Robert Pinsky — American Poet born on October 20, 1940,

Robert Pinsky is an American poet, essayist, literary critic, and translator. From 1997 to 2000, he served as Poet Laureate Consultant in Poetry to the Library of Congress. Pinsky is the author of nineteen books, most of which are collections of his poetry. His published work also includes critically acclaimed translations, including The Inferno of Dante Alighieri and The Separate Notebooks by Czesław Miłosz. He teaches at Boston University... (wikipedia)

I think art is not an ornament or refinement at the fringes of human intelligence, I think it's at the center.
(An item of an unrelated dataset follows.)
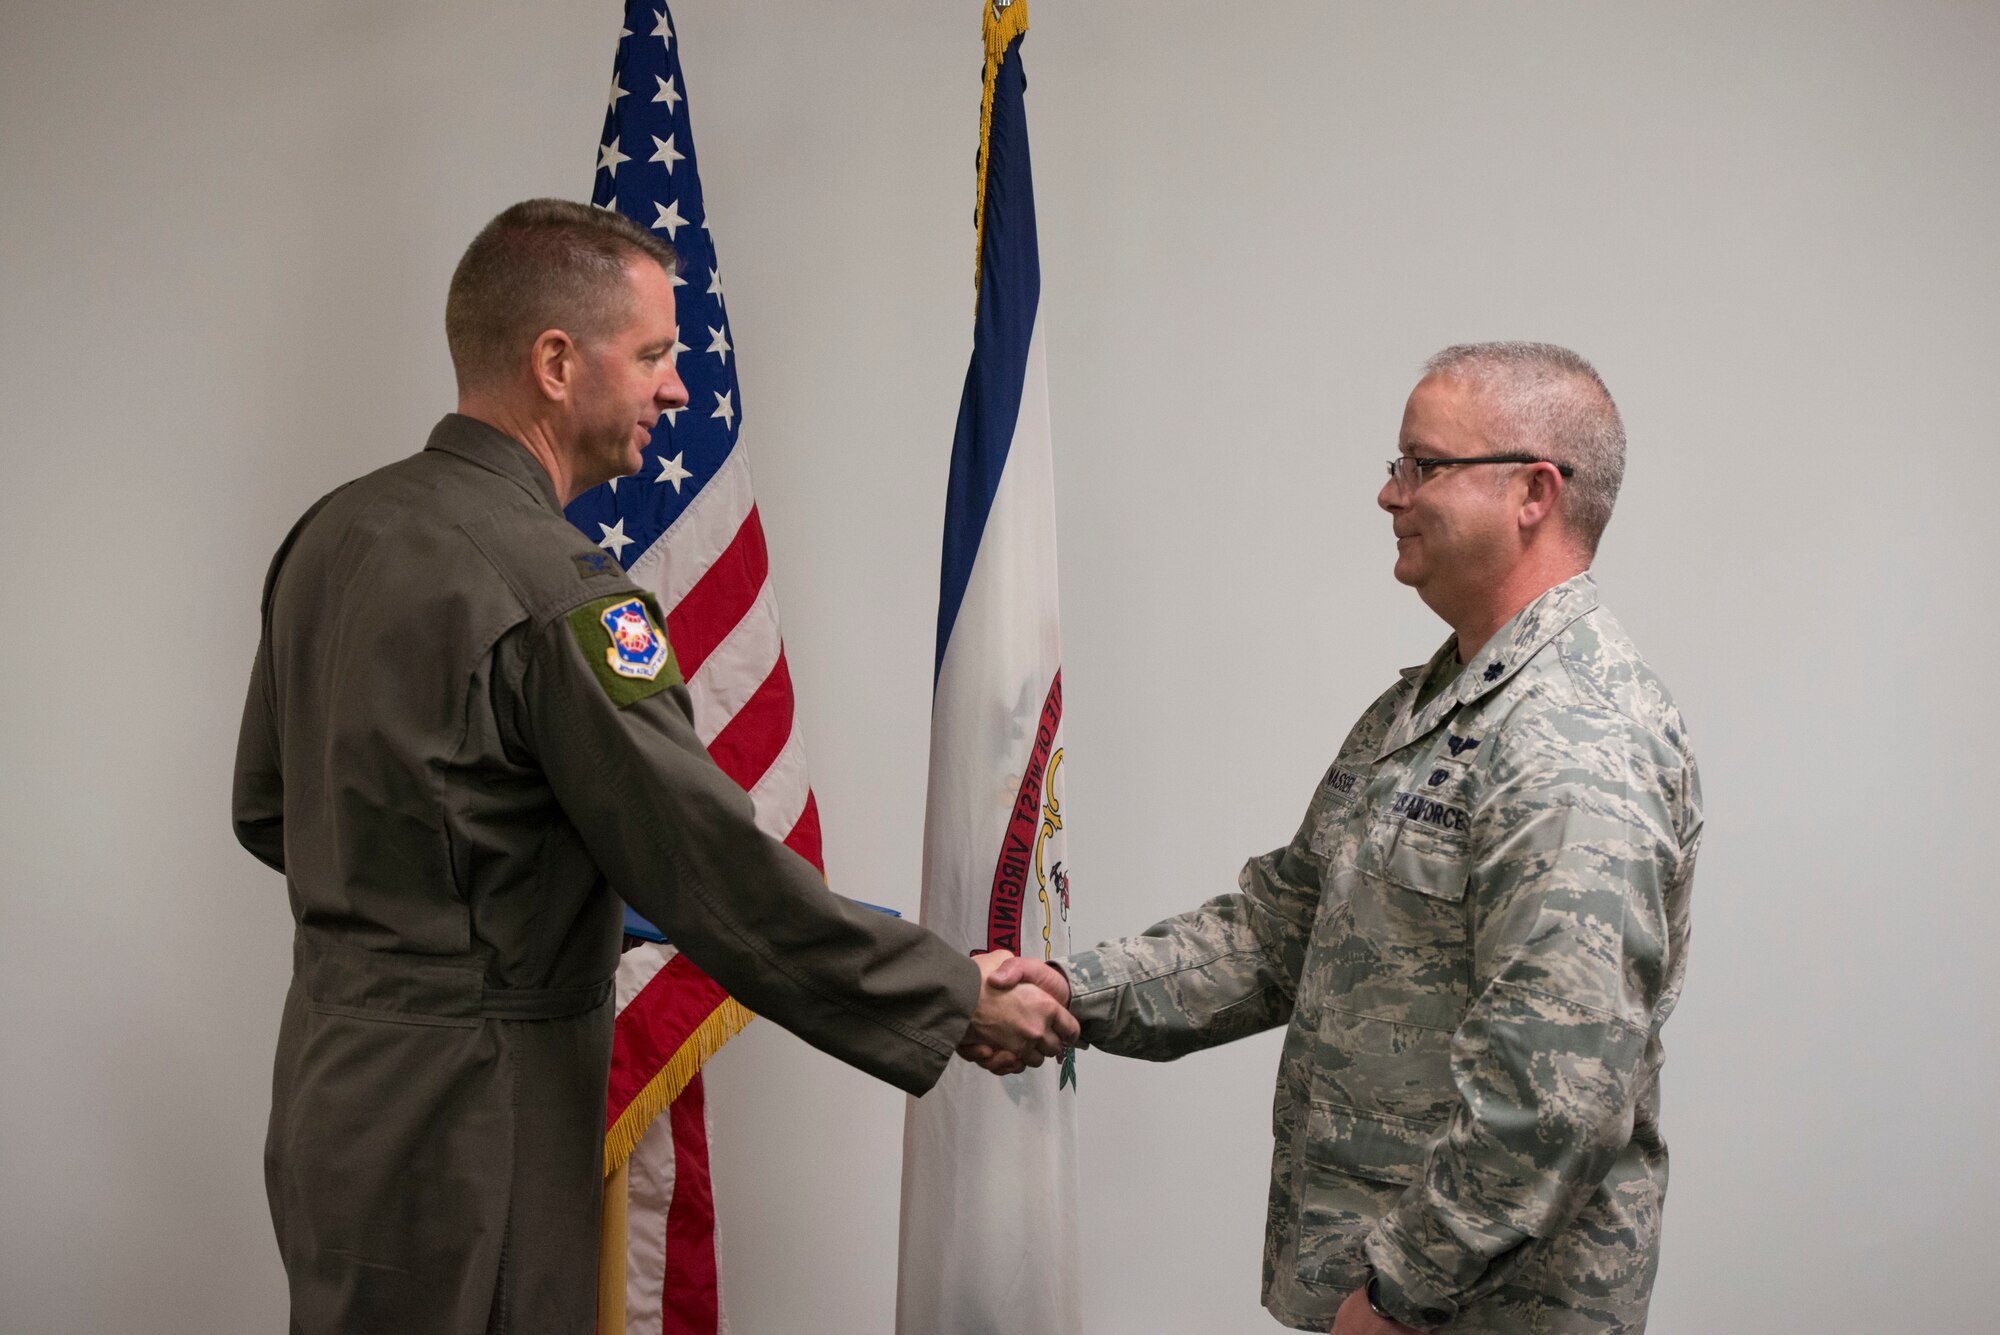 Col. Marty Timko, 167th Airlift Wing commander, congratulates Lt. Col. Charles Nasser during a ceremony marking Nasser’s assumption of command of the 167th Mission Support Group, Feb. 1, 2020.

It's at the core.
Sometimes the ideas that mean the most to you will feel true long before you can quite formulate them or justify them.
New Jersey is the most poetic state: close enough to New York to be urban and cosmopolitan, far enough to be desirous and unsure; densely populated, but full of farms and woods, with the most deer of any state.
For an American, there's no automatic place where people love the art of poetry. There's not a social class that considers poetry its property the way in some countries there's a snob value to the art.
I don't like to have a calm, orderly, quiet place to work. I often compose while driving, compose in my head. It is true that I wrote my little book, 'The Sounds of Poetry, A Brief Guide,' almost entirely in airplanes and airport departure lounges.